These papers are not an exclusive list of models published on de-escalation strategies; however, based on a review of the extant literature, they offer a comprehensive overview of the current knowledge of de-escalation practices. At first glance, these models contain both common elements (e.g., remaining calm, listening, use of verbal skills, maintaining safety), and specific techniques relating to each of the domains that were identified by Hallett and Dickens [12], Richmond et al. [10], and Mavandadi et al. [13]. As part of this review, the strategies referred to within these studies are arranged into a working model of the de-escalation process to inform AI- and robot-based approaches to de-escalation within human–robot interactions (see Figure 1). Notably, though it is possible to construct a list of principles and possible techniques for de-escalation, there is no evidence base to support or offer insights into optimal decision-making around the choice, timing, and sequencing of de-escalation techniques for specific individuals in specific contexts. As is the case with most psychosocial interventions, understanding of the moment-to-moment process of de-escalation and what works for whom and when is currently limited.

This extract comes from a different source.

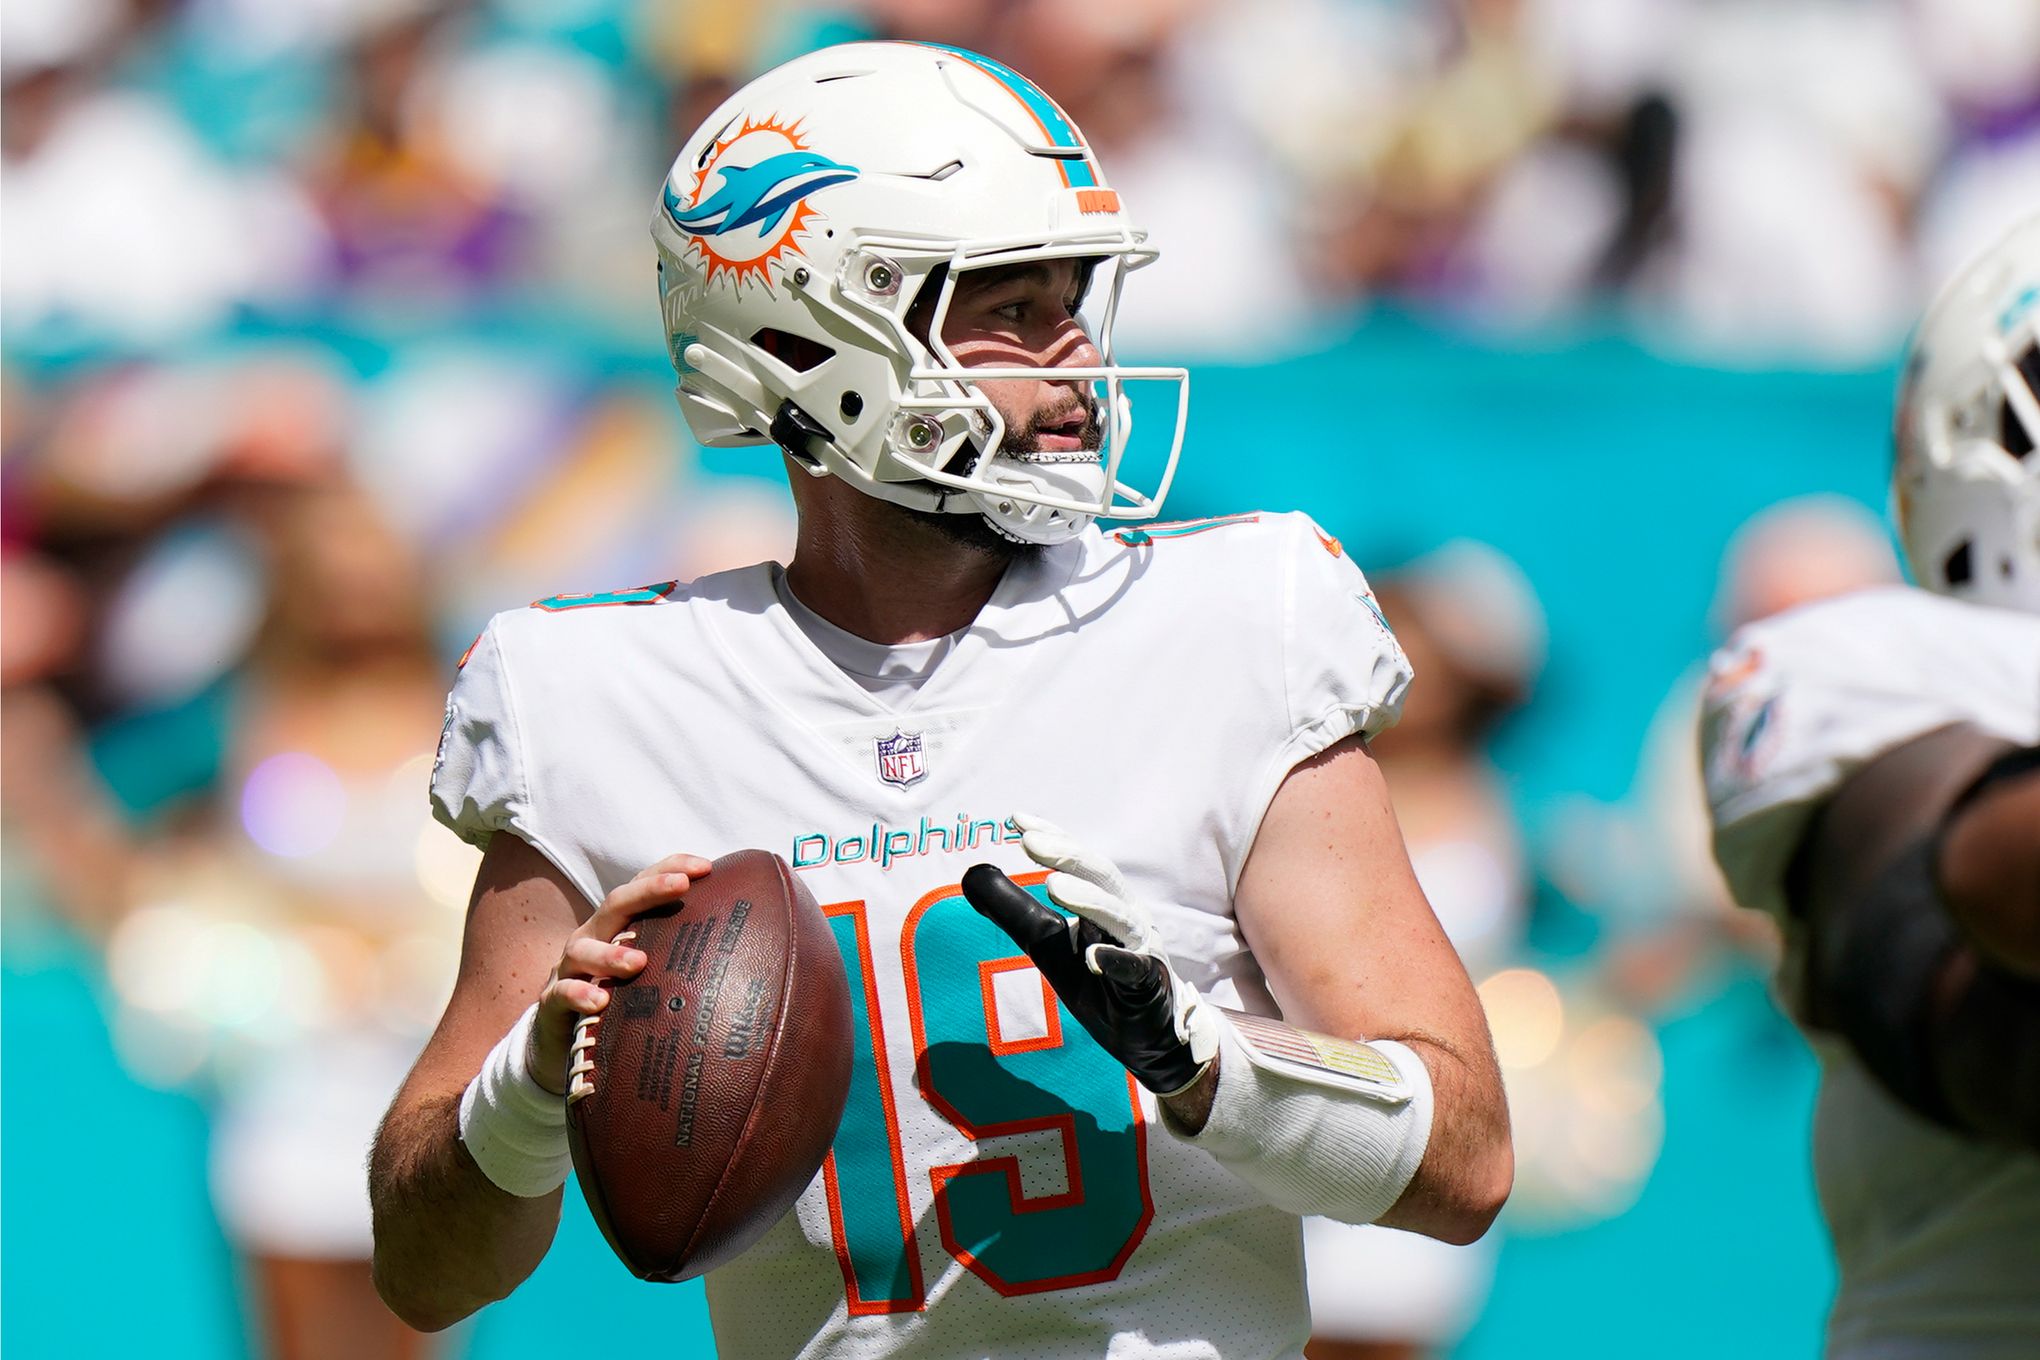 Miami Dolphins lose to Jets as Teddy Bridgewater lasts one play

3. Basic Requirements for Social Robots and Working Model for De-Escalation

Human interactions are characterized by a high degree of adaptivity. People instinctively change their actions according to the perceived cognitive and affective state of their interactive partners and environmental context. This social adaptability is made possible through the complex interplay of real-time sensory, cognitive, affective, and behavioural systems that comprise the central nervous system. For robots to successfully enter the social sphere, they will similarly require the ability to perceive and adapt to their interactive partners and the environmental context. Robots will need to be able to perceive and express emotions, sense verbal and non-verbal signals from humans and respond adequately, comprehend and generate natural language, have memory and reasoning capacities, plan actions and execute movements, and demonstrate various social competencies according to what is required by the specific context [15]. Research in computer science and engineering has focused on designing cognitive architectures and adaptive behavioural models inspired by the human brain to enable artificial intelligence in robotic agents and enable them to exhibit intelligent behaviours, learn new tasks, and adapt to changes in their environment [16]. Robots capable of de-escalation will require sufficient mastery of these baseline skills needed for social robots, in addition to computational models geared specifically towards the de-escalation process.

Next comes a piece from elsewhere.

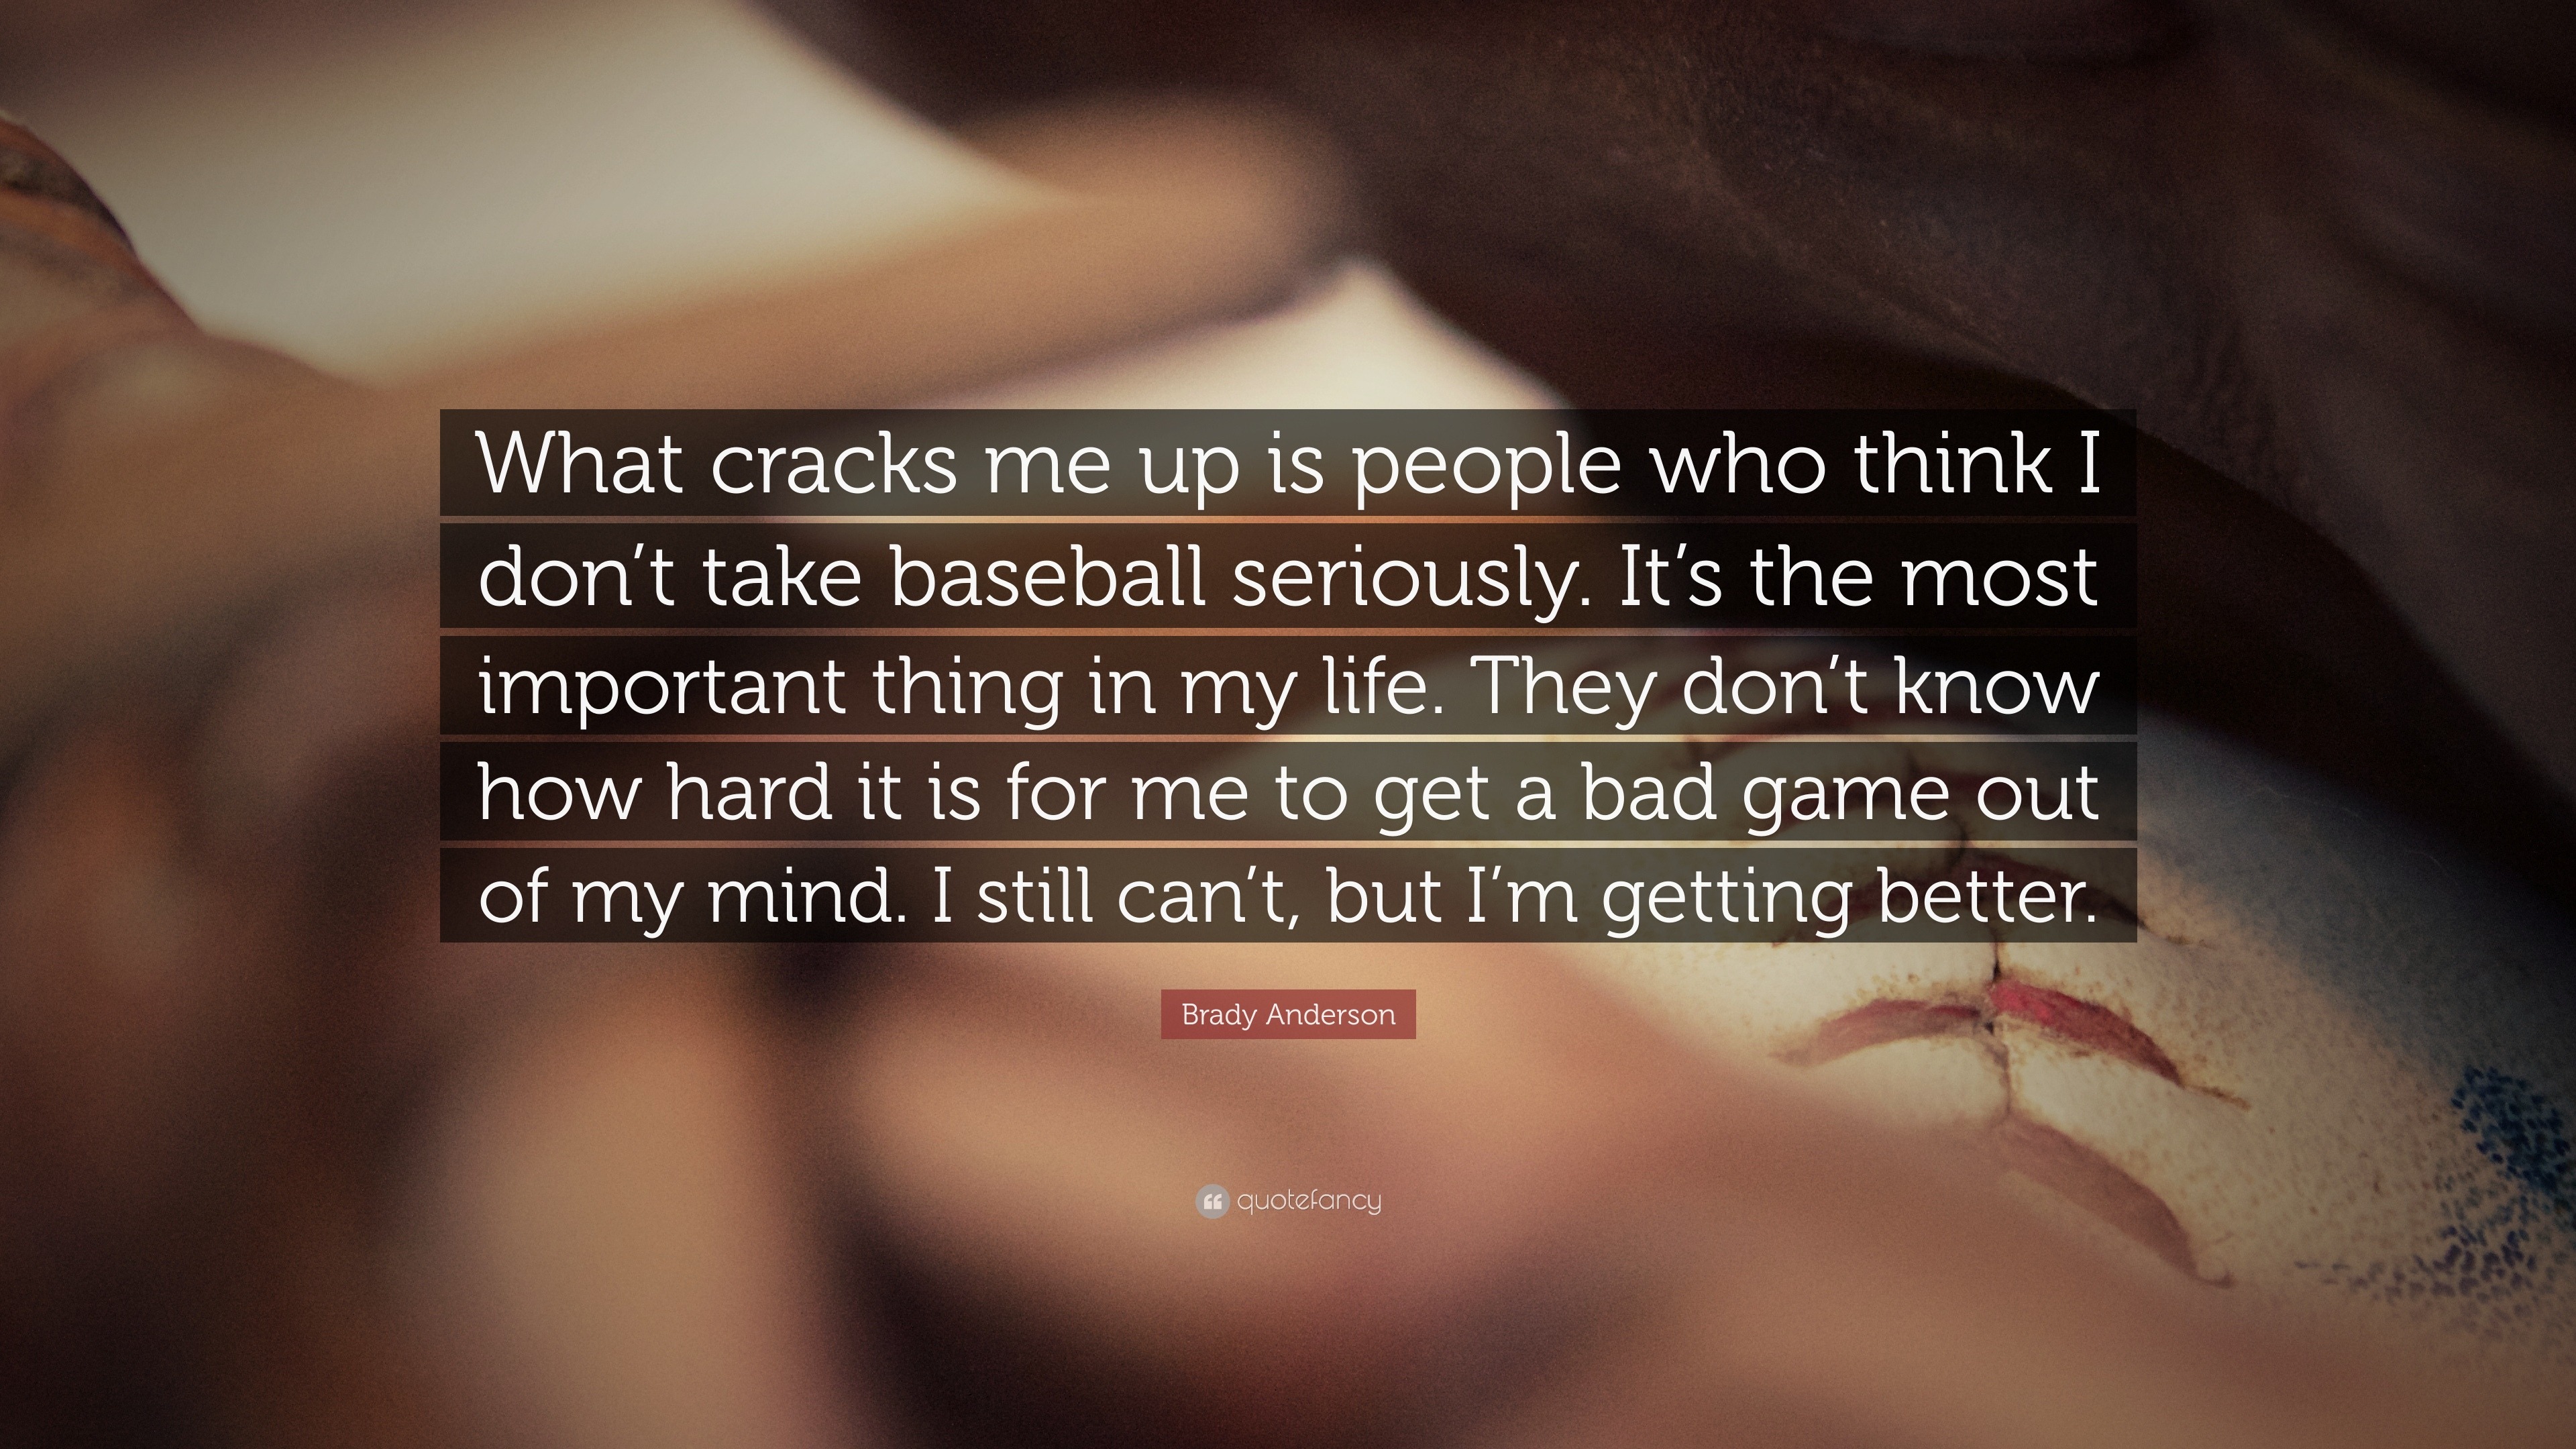 Brady Anderson Quote “What cracks me up is people who think I don

Working Model of De-Escalation

Grounded in the findings of the qualitative studies, the working group consensus statement, and the literature reviewed above, we created a working model for de-escalation (Figure 1). We opted to develop our own model rather than draw upon one in the literature because the requirements for instructing humans on de-escalation practices differs from those for robots. By developing our own model, we obtain the level of detail and type of stepwise organization required for considering the translation of de-escalation practices into human–robot interactions.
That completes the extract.